= John Gottfried =

Canadian politician

John Charles Gottfried (October 13, 1917 in Welland, Ontario – July 28, 1980) was a politician in Manitoba, Canada. He was a New Democratic member of the Legislative Assembly of Manitoba from 1969 to 1977.

The son of Anthony Gottfried and Lena Hoffman, Gottfried came to Winnipeg at a young age with his family; they later moved to Gimli. He was educated at the University of Manitoba, and worked as a teacher for 25 years. Gottfried married Fjola Josephine Johnson in 1942. From 1946 to 1955, he served as President of the Manitoba Teachers' Society in Gimli.

He wrote his thesis A history of education in the Evergreen School Division as part of the requirements for an MEd degree in 1965.
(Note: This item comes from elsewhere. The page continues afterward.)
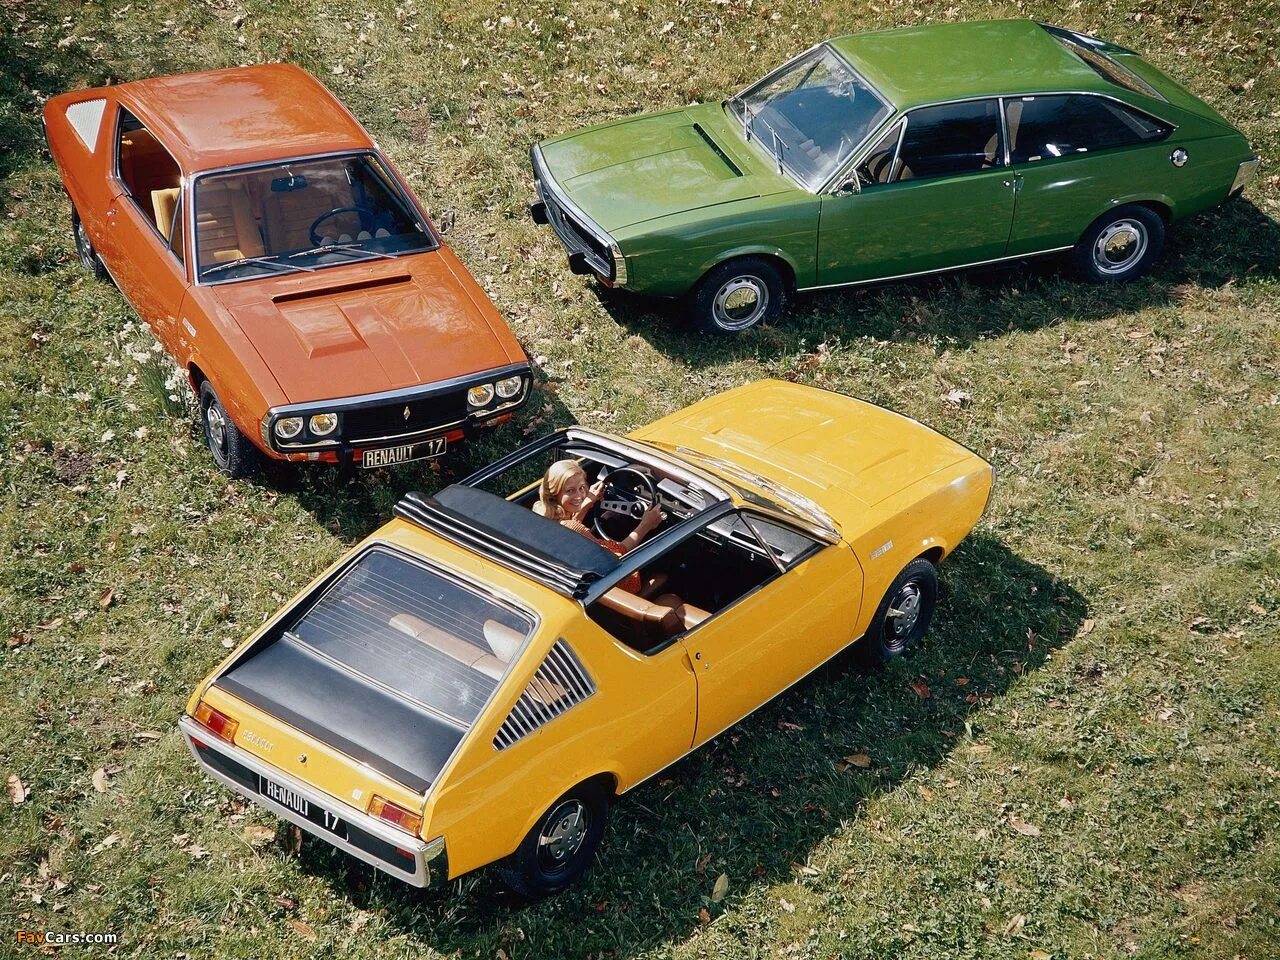 Renault 15 1971. Renault 15 and 17. Renault 17 Fuego. Рено 17 1974. Renault 17

He was elected to the Manitoba legislature in the 1969 provincial election, defeating Progressive Conservative candidate Eric Stefanson Sr. by 223 votes. In the 1973 election, he was returned over PC candidate Ted Revel by 56 votes. During his time in parliament, he was a backbench supporter of Edward Schreyer's government. Shreyer and Gottfried were, in fact, cousins.

He did not seek re-election in 1977, and did not return to provincial politics thereafter.

Gottfried died in Winnipeg at the age of 62.